Types Of Worms Used For Composting

There are several kinds of worms used for composting. These include:

•The Red Wiggler, also known as the Tiger Worm or Eisenia foetida, is the most common type of composting worm. They are also known as manure worms because they used to be called manure worms. They are red in color and have a wiggly motion when they walk. These are sold in almost every garden center for use in vermicomposting, which is the process of using worms to create a natural fertilizer.

•Lumbricus terrestris is a type of earthworm also known as the “Nightcrawler”. It is commonly used in fishing but can also be used for composting. These worms are not as active as red wigglers and when disturbed they will curl up in a ball. They are usually sold frozen, which keeps them from curling up.

These types of worms are the most popular for vermiculture but there are many other types of earthworms such as:

•The Common Earthworm (Lumbricus terrestris)

•The Deer Worm (Amynthas Vitta)

•The Australian Nightcrawler (Eudrilus Eugeniae)

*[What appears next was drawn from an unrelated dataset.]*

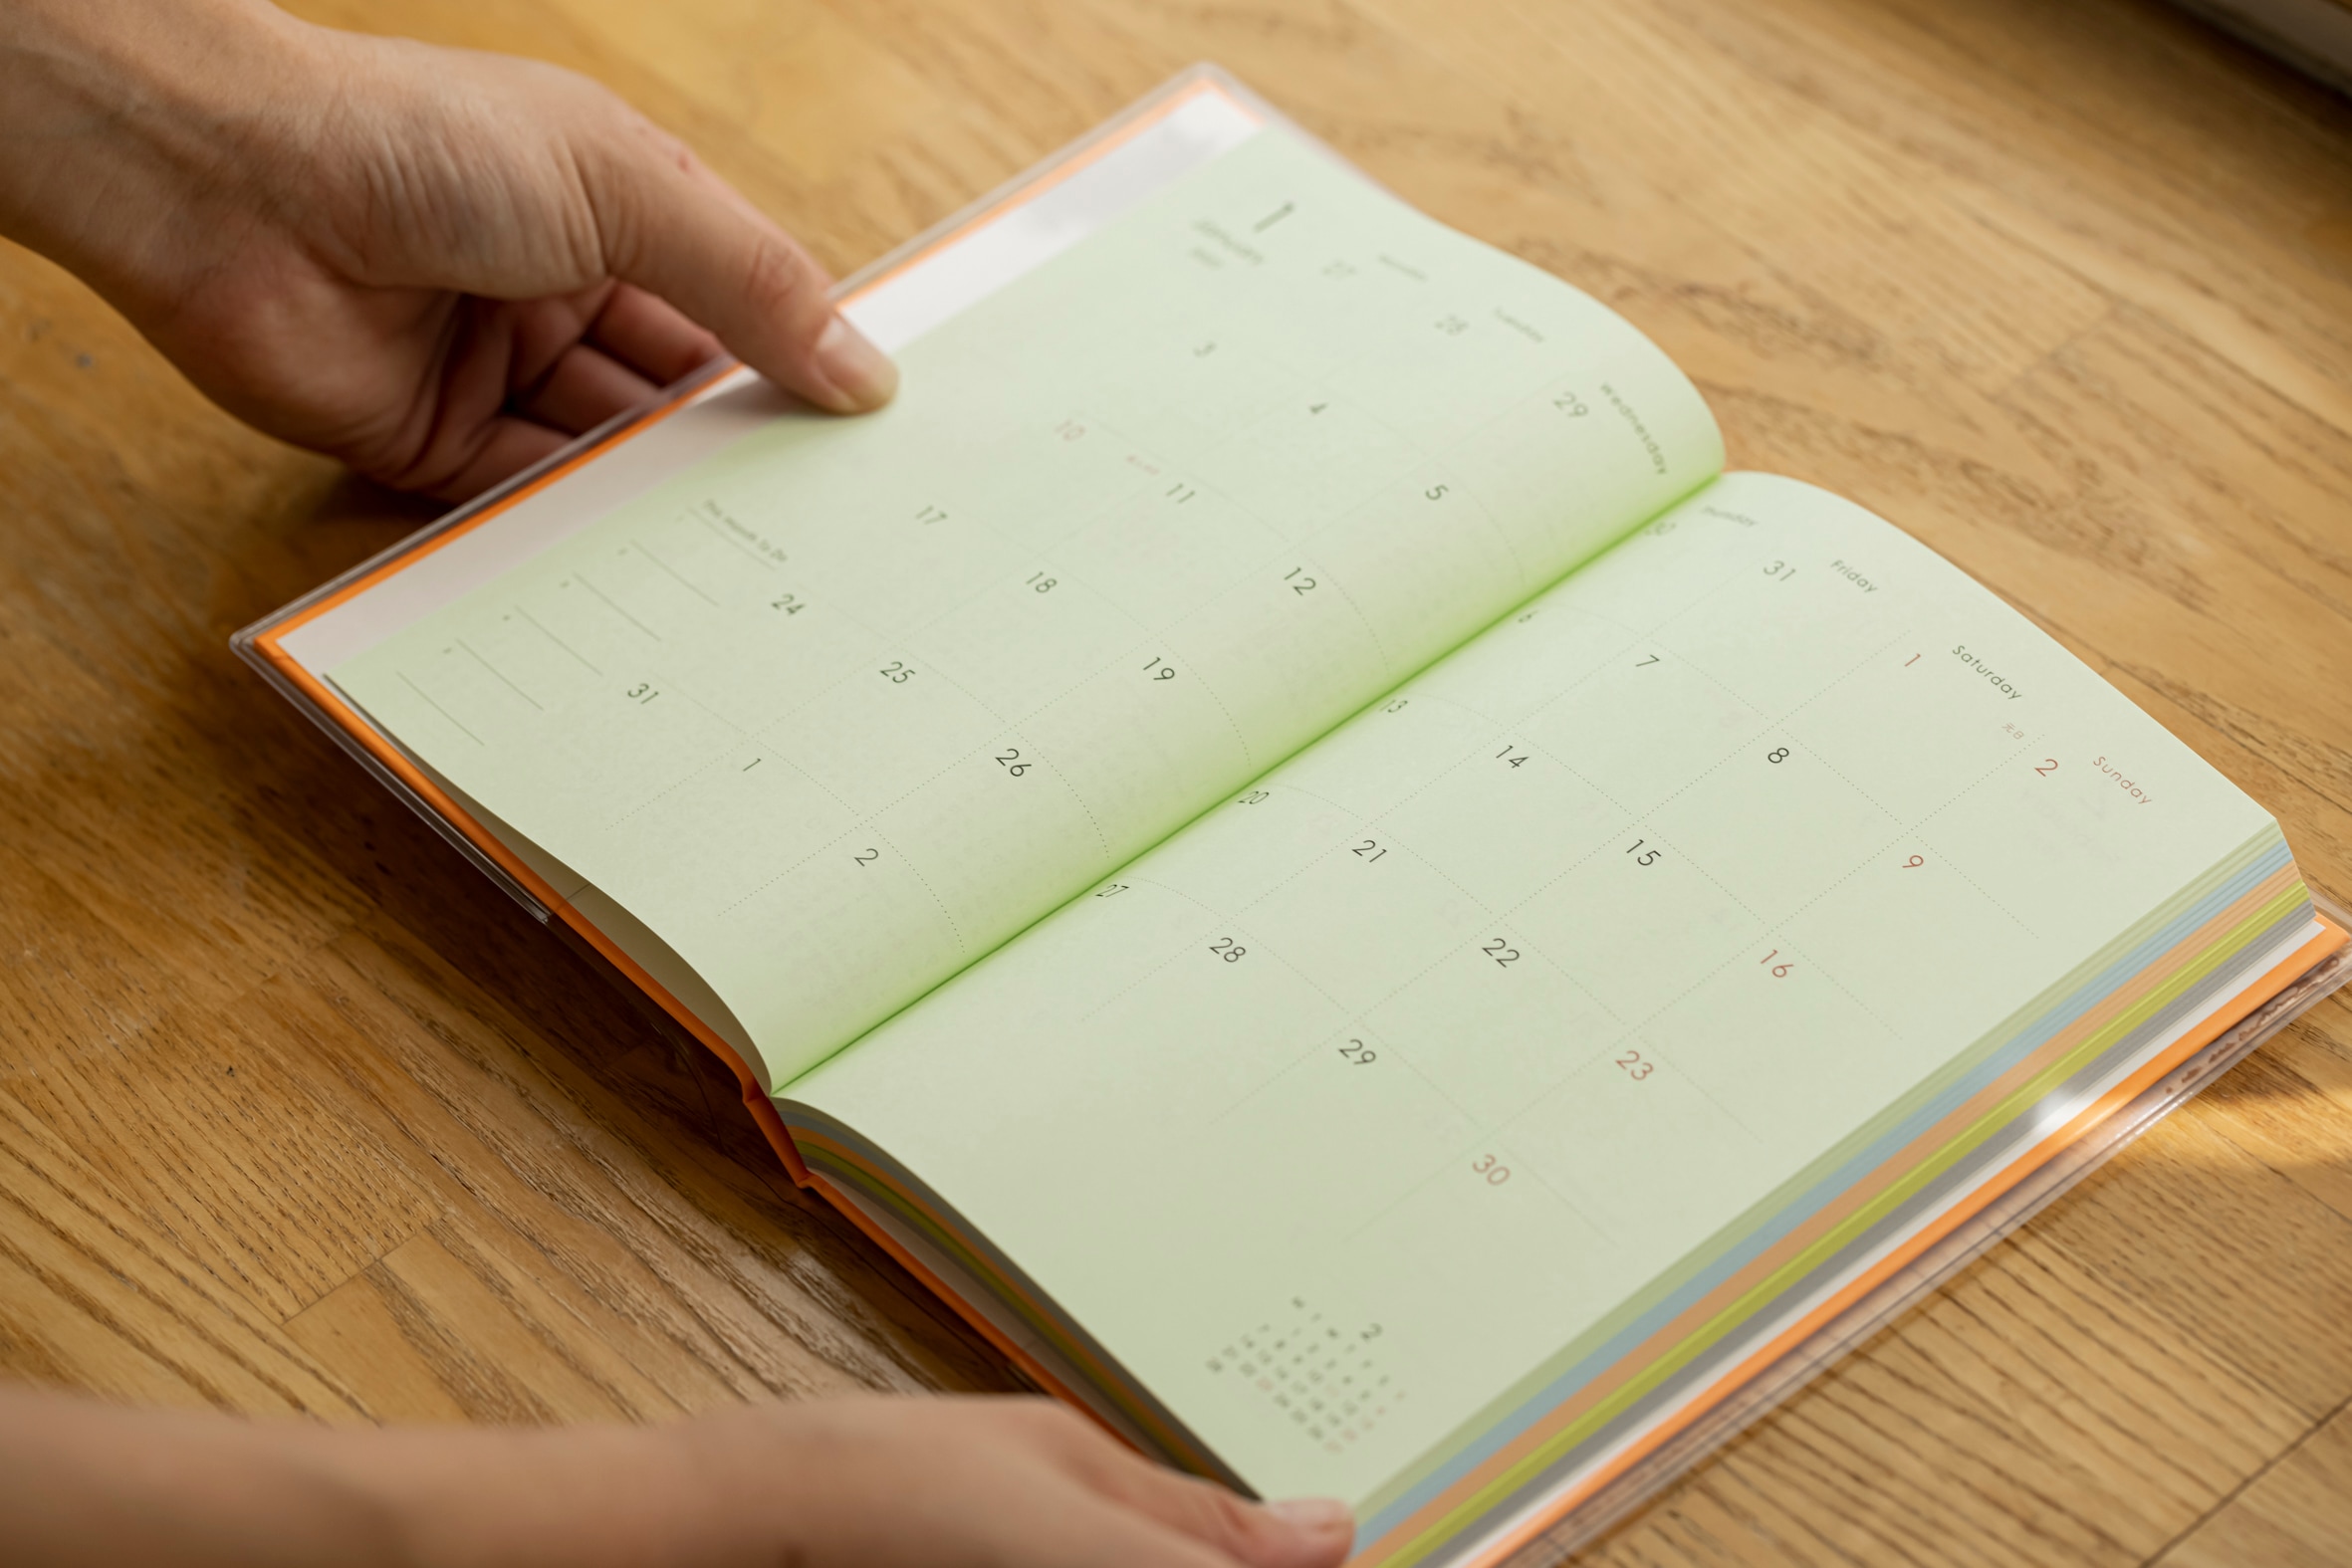 中の紙が紫・緑・オレンジなどカラフルなスケジュール帳,石田製本の「booco diary」

Add A Bunch Of Castings To Your Compost Pile

Worm Castings or Vermicompost is worm poop and is a great fertilizer to add to your garden. You can buy Vermicompost in bags from garden centers and it is sometimes mixed with other materials such as sawdust. Many gardeners prefer to make their own Vermicompost in a bin or barrel by adding lots of kitchen waste along with some dirt and worms. You can also make worm tea or worm water by adding water to your worm castings.

This is a great liquid fertilizer with lots of nutrients for your plants.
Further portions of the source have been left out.